# Raw data
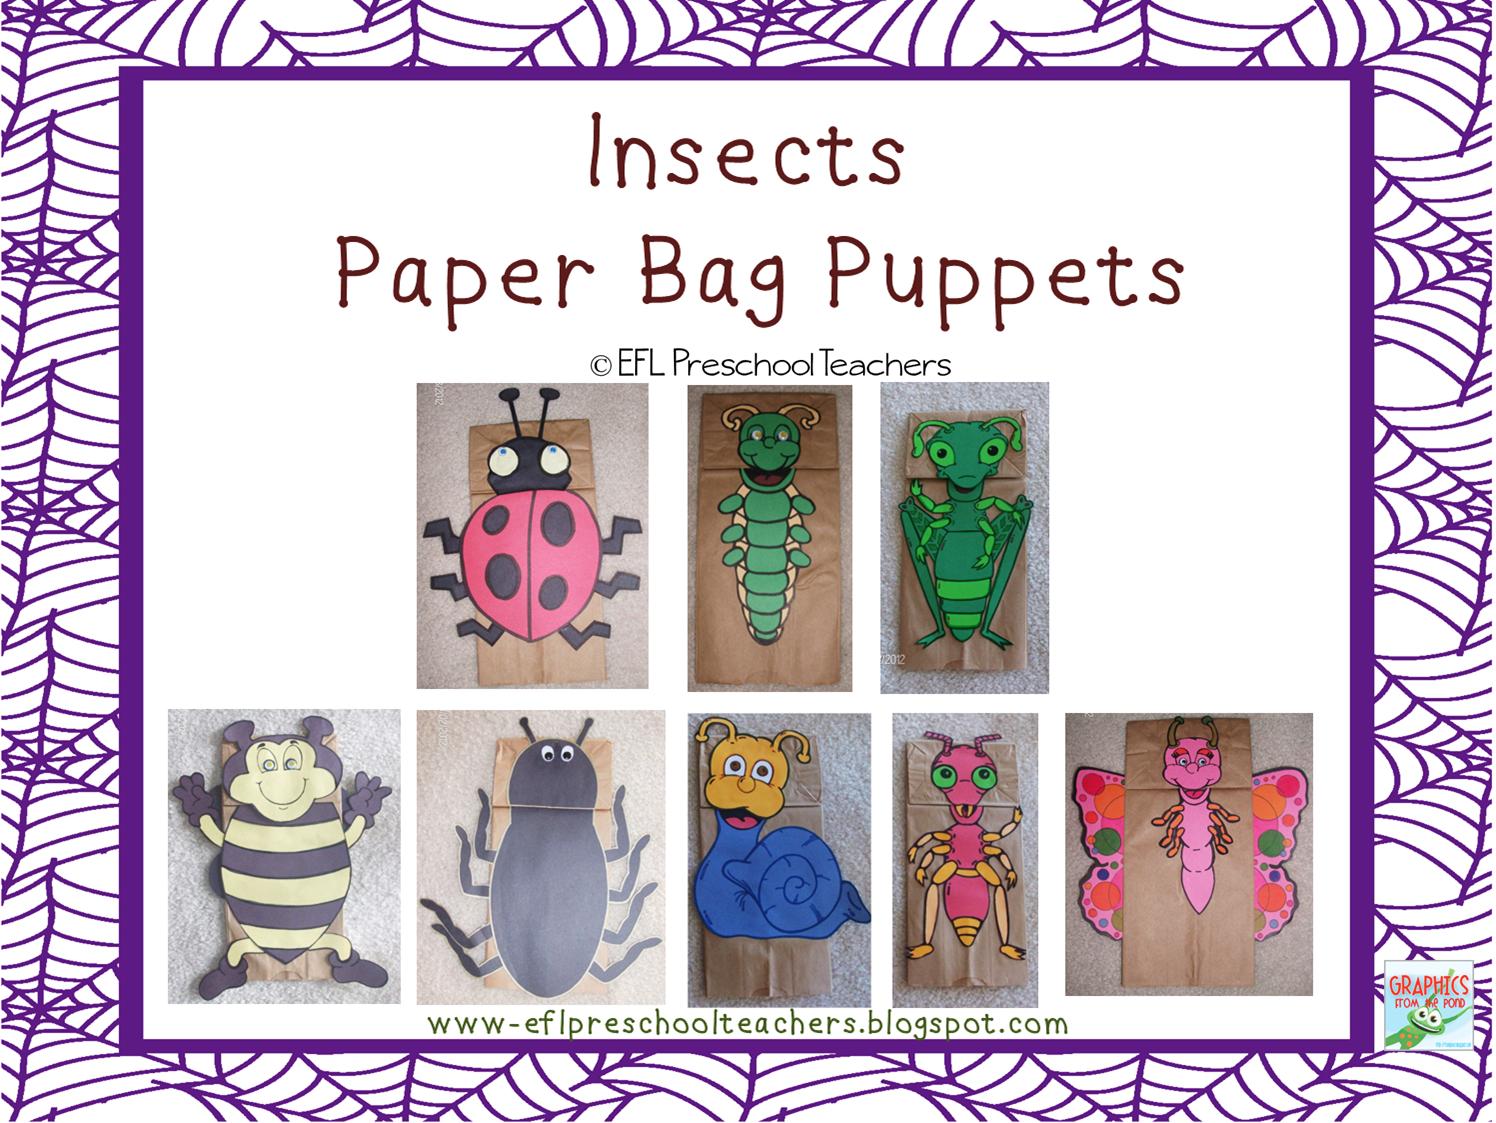 Esl Efl Preschool Teachers Insects
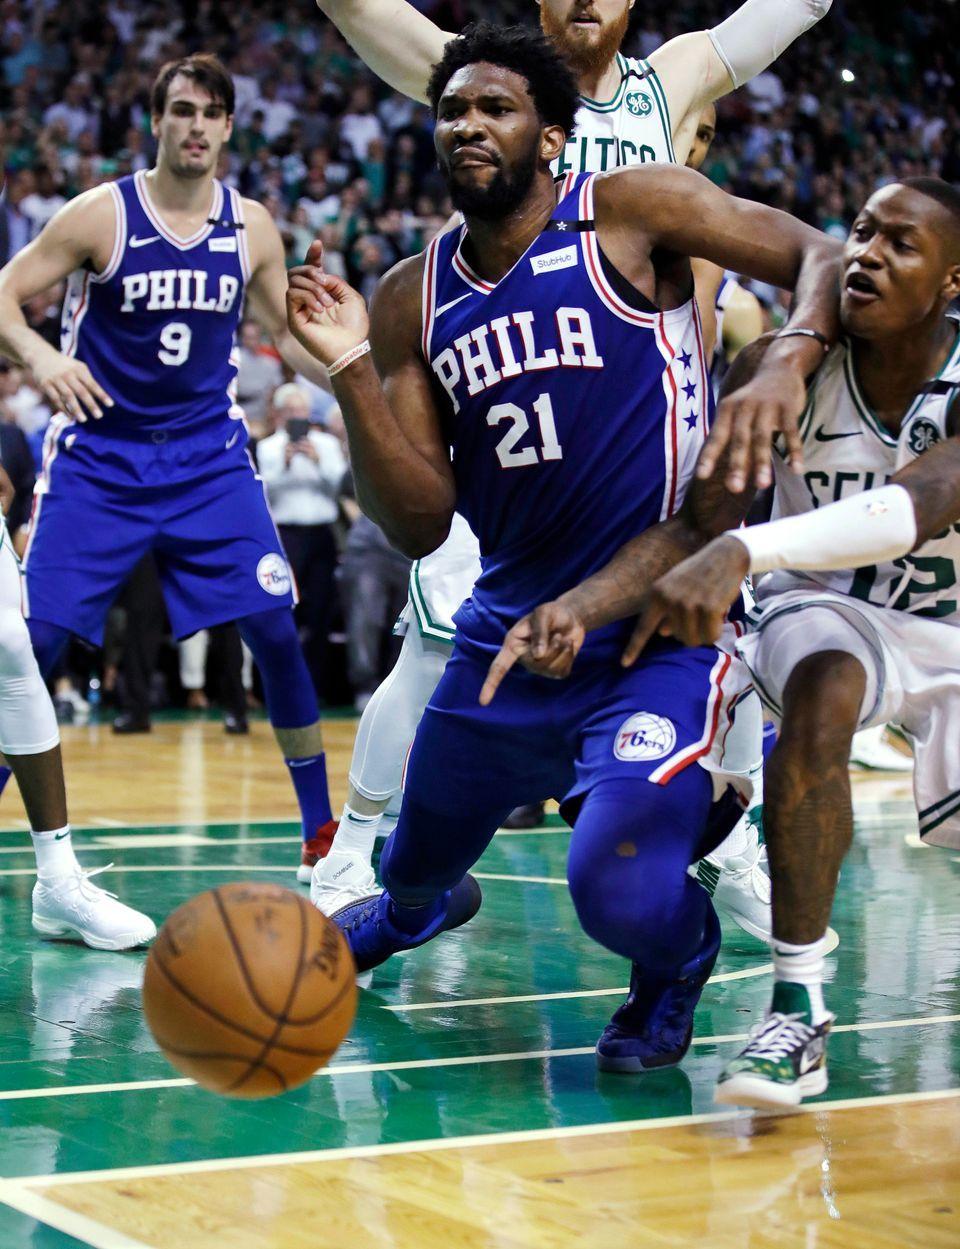 Pin by Lee Jones on Celtics Dream Closet Nba teams
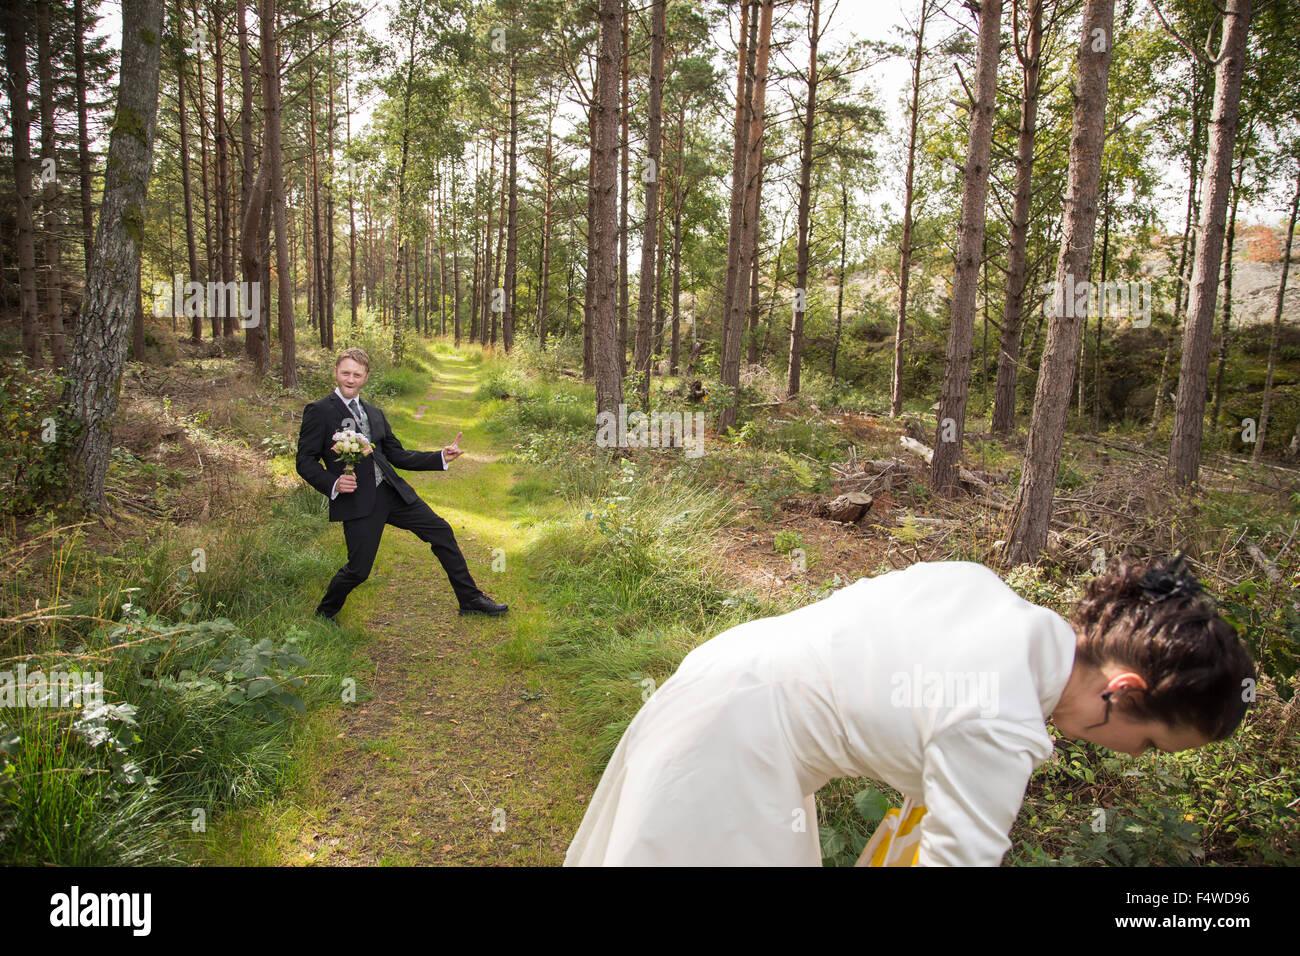 Sweden, Swedish West Coast, Bohuslan, Newly wed couple in forest - Stock Image

# Prompt
What is needed is the full material, retyped unchanged, with no pictures in it.

# Answer area
 Esl Efl Preschool Teachers Insects
 Pin by Lee Jones on Celtics Dream Closet Nba teams
 Sweden, Swedish West Coast, Bohuslan, Newly wed couple in forest - Stock Image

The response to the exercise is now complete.